Compare an array to several numbers at once

Question

How do you compare an array of numbers to several given numbers? More precisely, I have an array given like so

inputArray = [1 2 2 3 4 6]

and I want to compare inputArray to the numbers 1:7 to ultimately count how many times a "1" is in inputArray, a "2", a "3" and so on.

Obviously I can do something like

res = zeros(7,1);
for i = 1:7
   res(i) = sum(inputArray == i);
end

or more generally when I also might be interested in the locations of occurrences

res = zeros(7,length(inputArray));
for i = 1:7
   res(i,:) = inputArray == i;
end
res2 = sum(res,1);

Out of curiosity and/or speed improvements I am wondering if this is possible without a for loop in a single statement?

Answer 1

When you want more dimensions of vectorization than is built in to the functions you're working with, or want to collapse a simple loop into a function call, you can use bsxfun ("Binary Singleton eXpansion FUNction"). It's pretty general, reasonably fast, and produces concise code.
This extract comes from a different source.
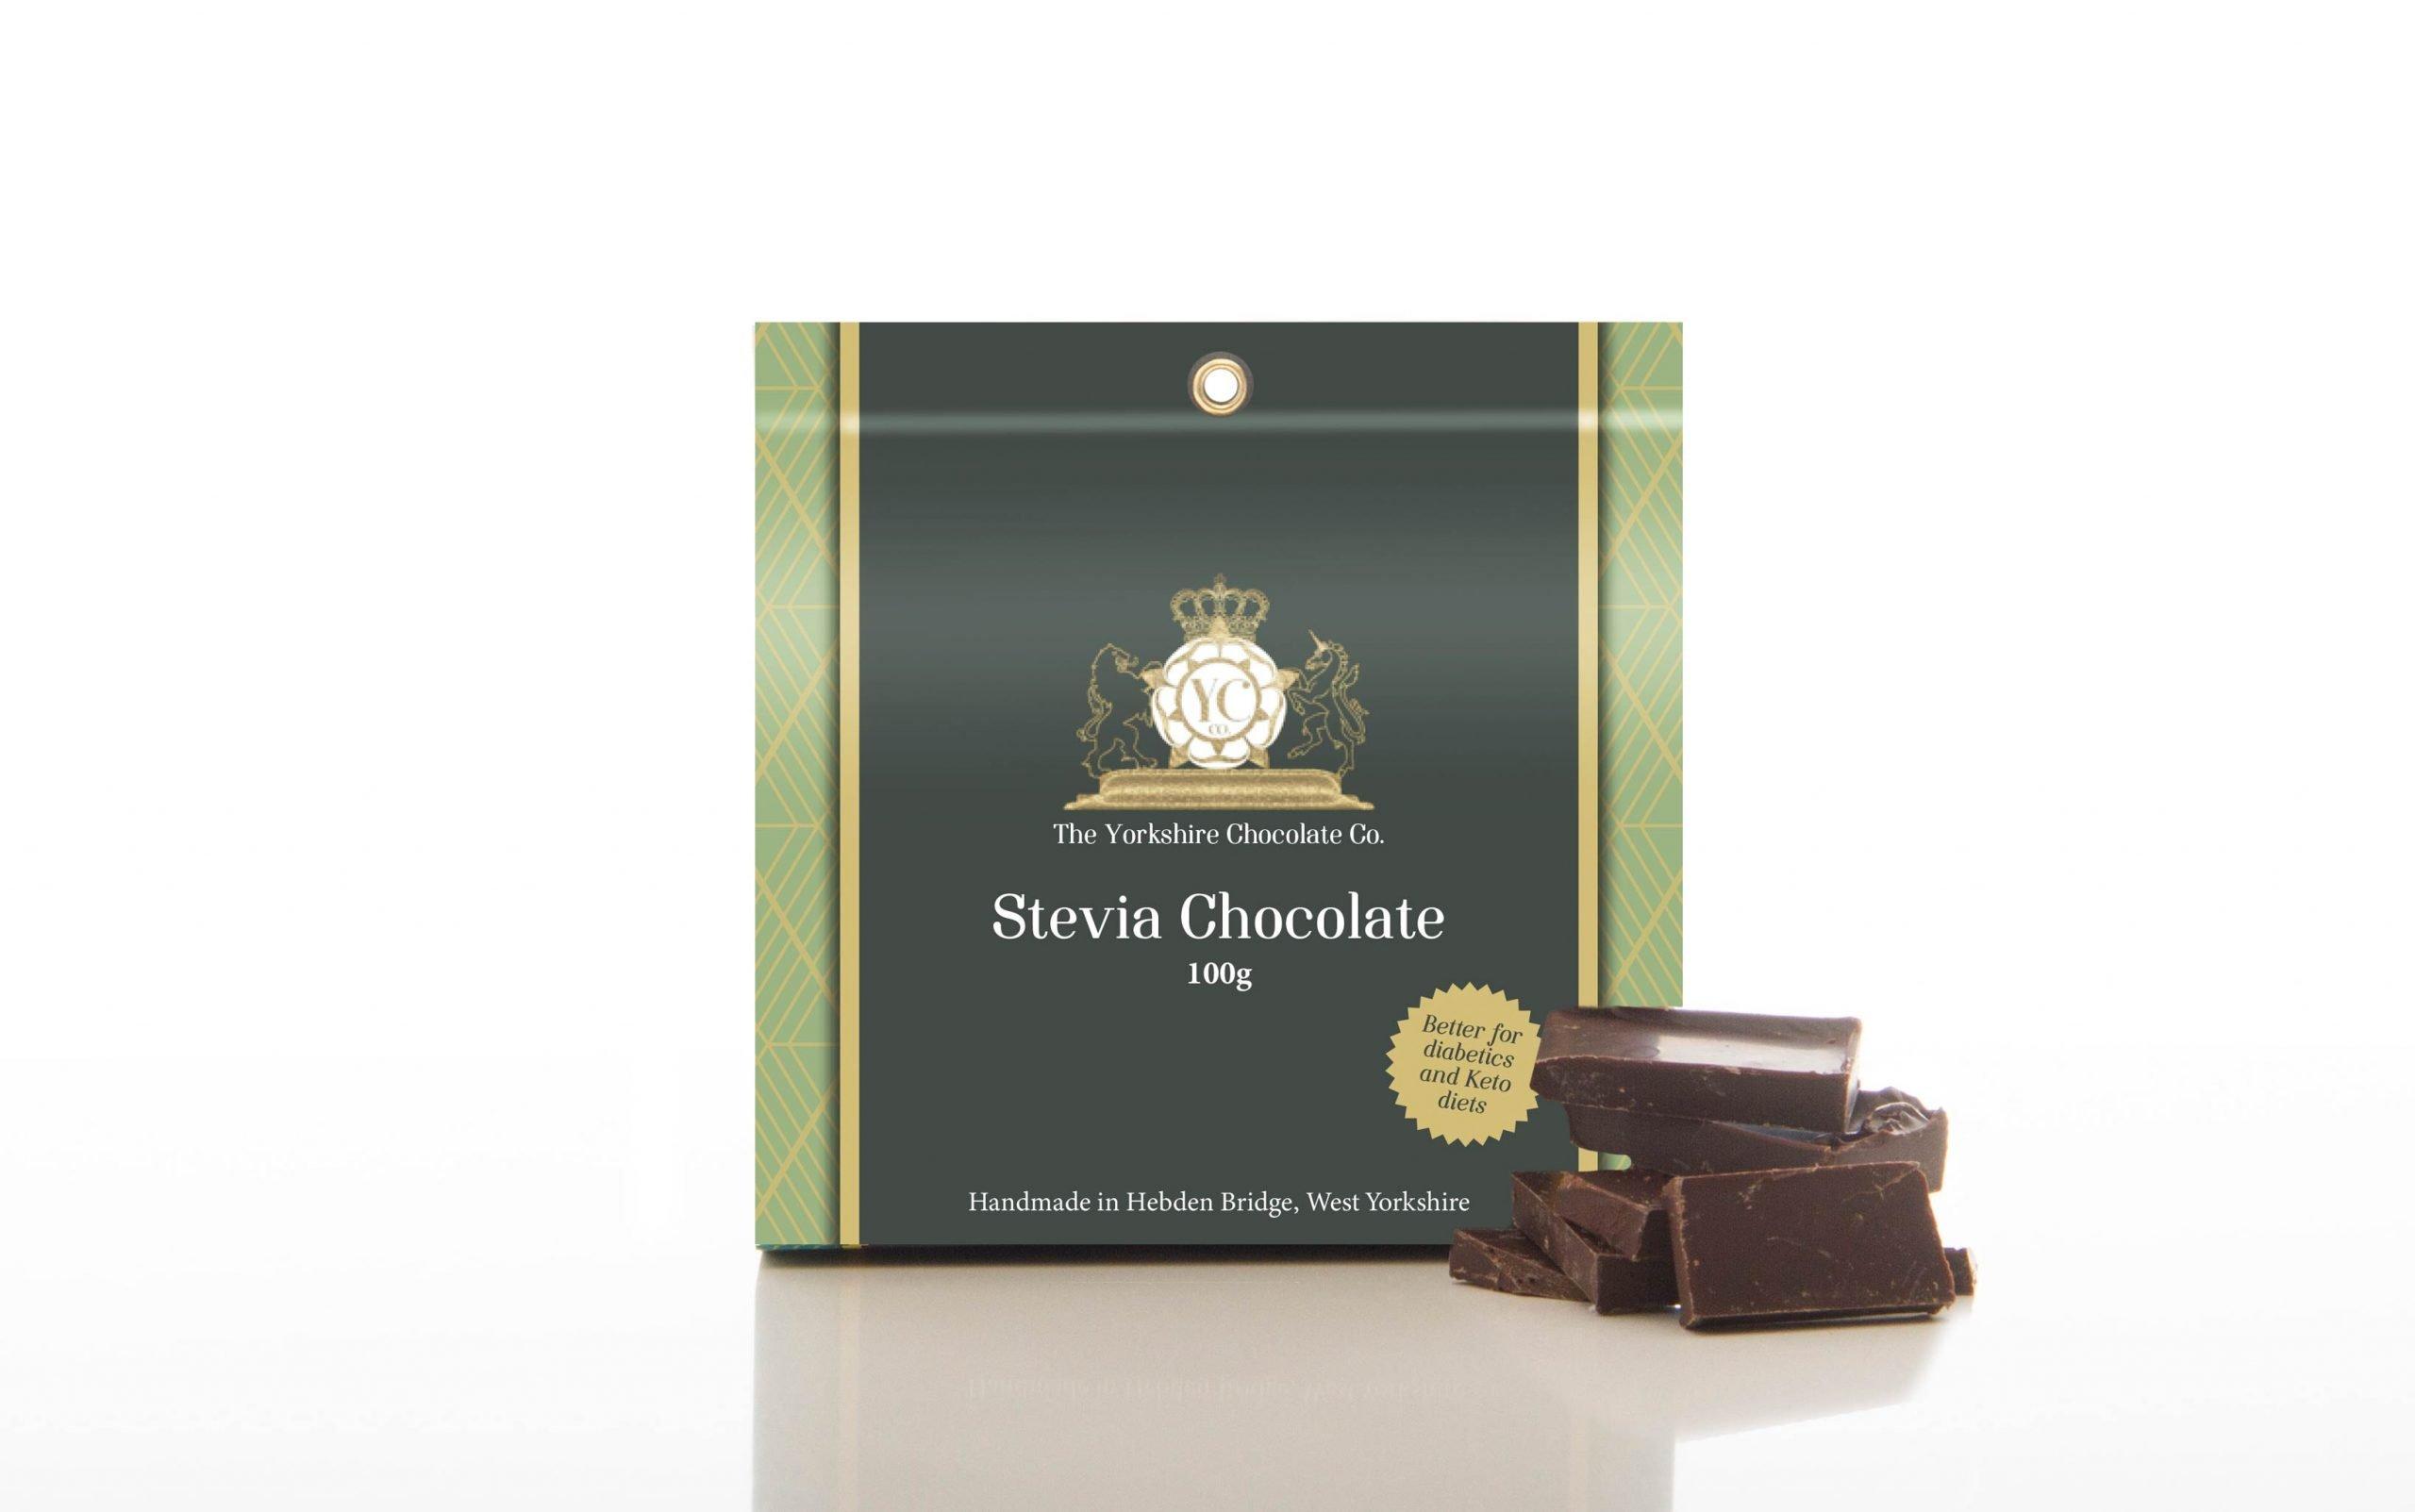 Box of Stevia Chocolate
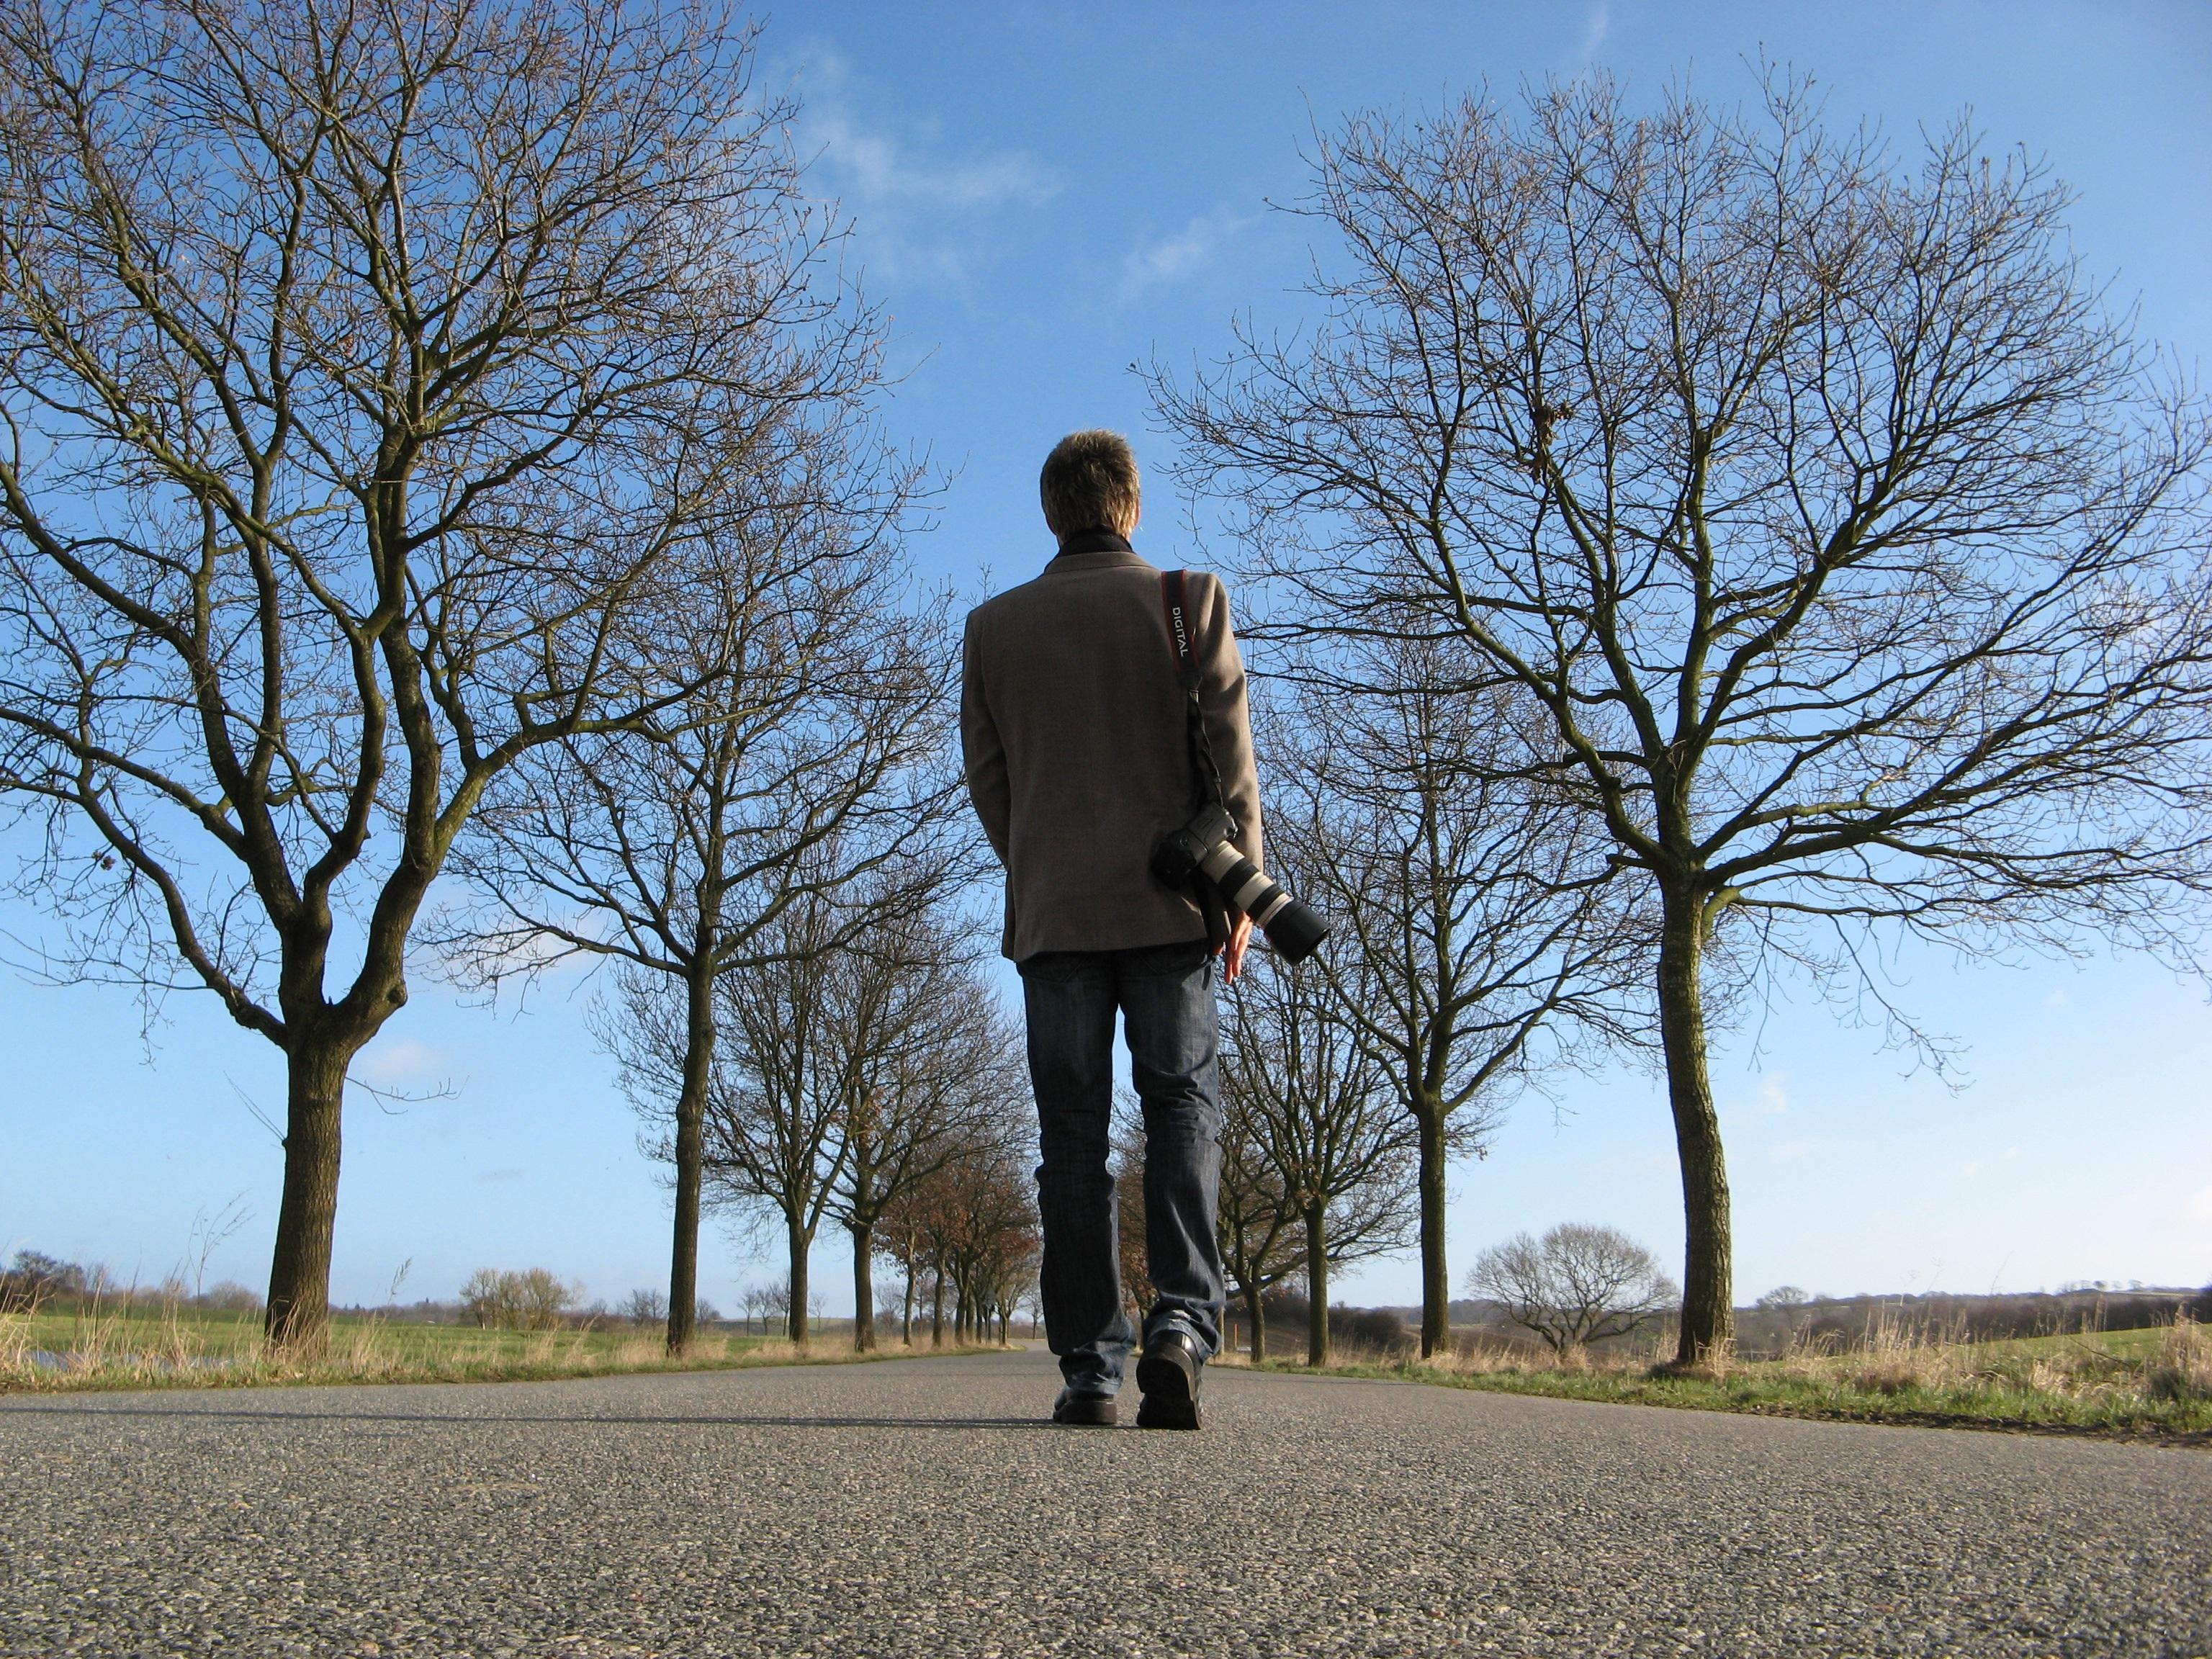 картинка человека который гуляет цель

In this case, you could use it to construct that equality grid, and then sum them up.

a = [1 2 2 3 4 5];
i = [1:7]';  % Flip it so it's oriented perpendicular to a
res = bsxfun(@eq, a, i);
counts = sum(res,2)';  %'

% One-liner version
counts = sum(bsxfun(@eq, a, [1:7]'), 2)';

Though in the particular case you're working with, since you're doing simple arithmetic operations on primitive arrays, the for loops might actually be fastest with JIT optimizations, as long as you're careful to isolate the work in its own function so the JIT can do "in-place" optimizations.

Answer 2

Yet another possibility: use accumarray:

count = accumarray(inputArray(:), 1, [7 1]); %// Change "7" as needed

Answer 3

It seems like you are looking for a histogram count, see here:

x = [1 3 10 1 8]
b = [1 2 3]
histc(x,b)

Will produce

[2 0 1]